На этой то станции, выскочив из электрички, я и помчался с рюкзаком к автобусной остановке. Валя Верховский из журнала «Костер», увидев еще в застойное время такой марш-бросок, обронил:
- И этот народ Рейган хочет запугать нейтронной бомбой?
А не побежишь, в автобус не влезешь, это мы уже проходили. На остановку я примчался первым. Посмотрел в расписание, болтавшееся на столбе – автобус через полчаса. Успею закусить. Мимо проходил мужичок, явно помнящий победу над шведами. Его носило по небольшой площади такими противолодочными зигзагами, что любо-дорого было посмотреть. Наконец, мужичок наткнулся на столб с расписанием, долго рассматривал его с изумлением. Потом сфокусировал взор на мне.
- Ждешь? – с угрозой спросили он.
- Жду, - миролюбиво ответил я.
- Чего? – спросил войбокалец, и заплакал.
- Автобуса на Волхов. Мне в Кипую надо.
- Не дождешься ты его. – Тут мужичишка всхлипнул. – Он с весны
тут не ходит.
И залился горючими слезами.
Мимо как раз катил автобус на Кировск, я успел подхватить рюкзачище, и запрыгнуть в провонявшее бензином нутро рыдвана. На перекрестке у Дусьево, где стоит памятник ладожскому грузовику, я вывалился из автобуса. До Кипуи, любимой Кипуи было еще двадцать километров. Надо было голосовать. Только кто же возьмет на Мурманской дороге здорового мужика с огромным рюкзаком и ружьем в придачу? Разве что какой-нибудь дальнобойщик. К моему изумлению через пять минут остановилась «Вольво». В ней заливалась моя любимая радиостанция, ее водитель, крупный мужик по-свойски сказал:
- Бросай рюкзак на заднее сидение. Куда тебе?
- В Кипую, - сказа я, плюхнувшись на сиденье.
- Заяц, гусь? – спросил водитель.
 - Гусь прошел. А вот утка на канавах могла задержаться. Да и вальдшнеп по опушкам держится, - ответил я. – Никак свой брат охотник?
- Живу в восхитительном плену охоты, - процитировал он полузабытого классика, и протянул руку. – Валентин.
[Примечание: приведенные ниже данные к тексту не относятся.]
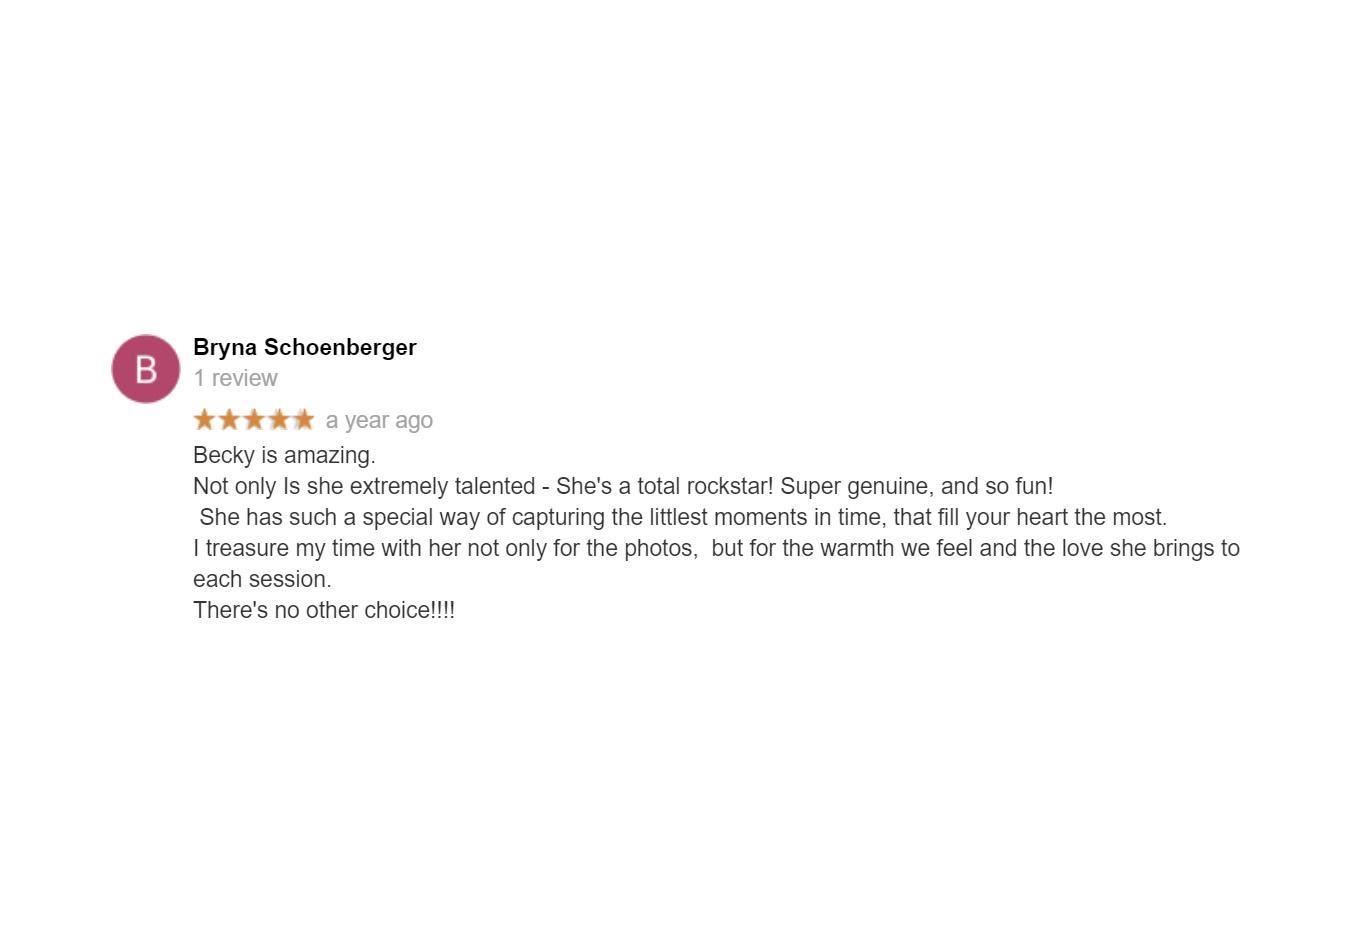 reviews_0008_Layer 57.jpg

А машина мчалась, мимо пролетали поля и рощи, деревушки и хутора.
Я стал собираться.
- Слушай, Егорыч, - сказал тут Валентин. – Ну что тебе в этой Кипуе? Прогноз худой, ночью падет снег, занесет тебя в палатке. Махнем ко мне в деревню Заостровье, это на Ладоге, там утки больше, в баньке попаримся, я, между прочим, профессор банных дел. Покажу тебе, где утки море. К рыбакам сходим, рыбки купим. Ко мне друзья должны были приехать, а не смогли. В багажнике ящик пива да четыре литра водки.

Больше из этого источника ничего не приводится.